> [ACTIVITY]:
Tally the lines of the data that include the word "table". Only the number is to be returned.

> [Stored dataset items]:
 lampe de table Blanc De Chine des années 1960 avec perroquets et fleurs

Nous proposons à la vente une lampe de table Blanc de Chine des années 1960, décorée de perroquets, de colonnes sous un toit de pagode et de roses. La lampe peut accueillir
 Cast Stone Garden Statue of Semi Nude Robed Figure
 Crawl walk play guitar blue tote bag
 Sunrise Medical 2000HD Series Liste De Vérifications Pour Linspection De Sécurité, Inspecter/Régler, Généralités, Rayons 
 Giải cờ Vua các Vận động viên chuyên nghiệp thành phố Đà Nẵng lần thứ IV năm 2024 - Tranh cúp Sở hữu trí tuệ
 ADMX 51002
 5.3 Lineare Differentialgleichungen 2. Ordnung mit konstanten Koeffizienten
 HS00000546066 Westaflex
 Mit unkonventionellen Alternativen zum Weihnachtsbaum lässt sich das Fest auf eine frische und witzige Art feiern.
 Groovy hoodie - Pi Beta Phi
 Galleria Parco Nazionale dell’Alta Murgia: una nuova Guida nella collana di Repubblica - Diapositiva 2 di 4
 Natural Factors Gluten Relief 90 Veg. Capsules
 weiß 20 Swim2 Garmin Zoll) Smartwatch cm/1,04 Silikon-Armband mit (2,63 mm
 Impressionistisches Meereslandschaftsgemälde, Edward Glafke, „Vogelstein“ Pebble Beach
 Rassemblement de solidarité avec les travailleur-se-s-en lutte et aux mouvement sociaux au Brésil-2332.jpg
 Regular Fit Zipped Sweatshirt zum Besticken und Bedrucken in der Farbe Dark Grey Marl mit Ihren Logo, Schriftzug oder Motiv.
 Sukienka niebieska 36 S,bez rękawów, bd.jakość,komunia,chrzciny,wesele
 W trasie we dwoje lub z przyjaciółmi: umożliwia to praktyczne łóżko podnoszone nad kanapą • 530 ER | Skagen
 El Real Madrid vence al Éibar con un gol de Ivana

> [EXPECTED OUTPUT]:
2